Oct. 24 (Bloomberg) -- ArcelorMittal South Africa Ltd., the biggest steelmaker in Africa, used its ``overwhelming'' dominance to charge local customers ``exploitative prices,'' Harmony Gold Mining Co. told the Competition Appeal Court.

In rebuttal to ArcelorMittal's attempt to reverse a Competition Tribunal finding that the company overcharged for flat steel, Harmony said the steelmaker demanded prices that bear ``no reasonable relation to prices under competitive conditions.'' ArcelorMittal is also seeking to have a record 691.8 million-rand ($65 million) fine canceled.

``There is entrenched dominance,'' David Unterhalter, counsel for Harmony and co-complainant DRDGold Ltd., told the court in Cape Town today. ``Nothing is going to make this a contestable market.''

The Competition Tribunal didn't establish or quantify the ``economic value'' of the flat steel ArcelorMittal sold and therefore couldn't prove that the prices were excessive, the steelmaker argued yesterday. South African law bans a dominant company from charging an excessive price, defined as a price for a product that bears no reasonable relation to the economic value of that product.

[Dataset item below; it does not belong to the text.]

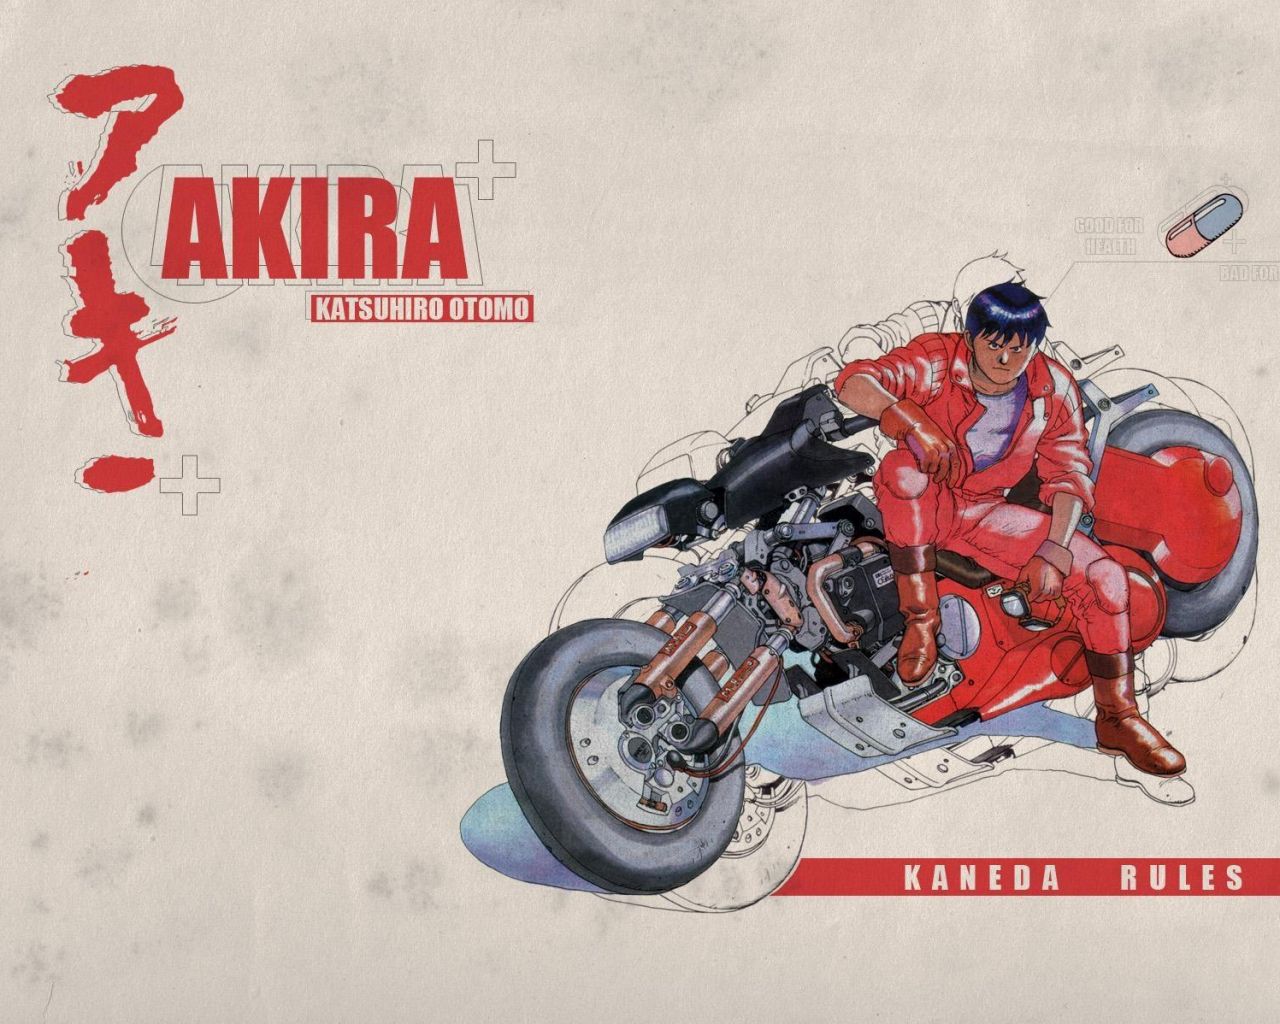 Фильм Акира (Фильм) | Akira - лучшие обои для рабочего стола

``Superdominance in itself tells you nothing about whether the price is at economic value'' or higher, Robert Peterson told the court yesterday.

`Not the Clearest'

Peterson, an advocate, is one of two so-called amici requested by the judge to give their view of the interpretation of part of South Africa's competition law and its general application to cases of alleged excessive pricing. The amici are not remunerated.

The Competition Tribunal's determination of excessive pricing ``is not the clearest determination I've ever encountered as a judge,'' Judge Dennis Davis said. The antitrust body ``reached their conclusions long before them came to the Act,'' the judge also said.

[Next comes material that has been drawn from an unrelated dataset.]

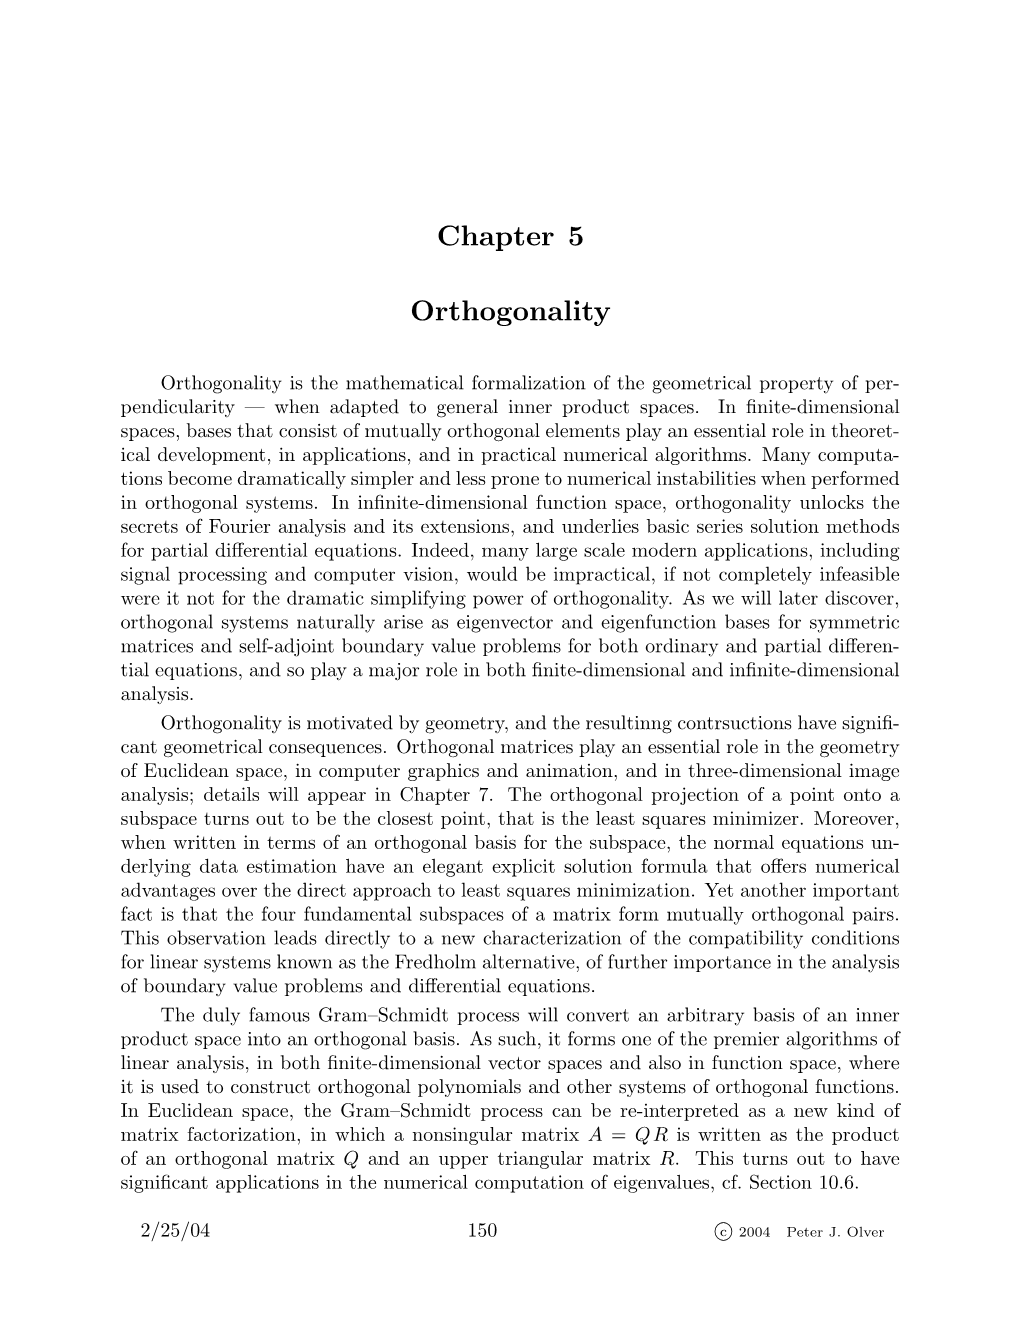 Chapter 5 Orthogonality

ArcelorMittal South Africa, based in Vanderbijlpark, says it sets domestic charges based on a basket of prices for the metal in developed and developing countries. Four years of talks with the government to reduce the cost of steel to local users ended without a resolution and were described as a ``sham'' by the tribunal.

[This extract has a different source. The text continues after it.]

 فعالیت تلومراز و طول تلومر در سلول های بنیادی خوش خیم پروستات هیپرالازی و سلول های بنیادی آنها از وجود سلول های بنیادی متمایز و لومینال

ArcelorMittal exercised the full extent of its market power, Unterhalter told the court. The company has a share ``of the order of 80 percent'' of the local market and is probably in the bottom 10 percent of steel producers in terms of the cost of producing the material, he said.

The steelmaker isn't ``assailed'' by competition from imports, because by its own admission it is in a ``naturally protected'' market, Unterhalter said. At the southern tip of Africa, the company is far from any significant rivals, he said.

ArcelorMittal South Africa fell 3 rand, or 3.6 percent, to 80 rand as of 2:10 p.m. in Johannesburg, giving the company a value of 35.7 billion rand.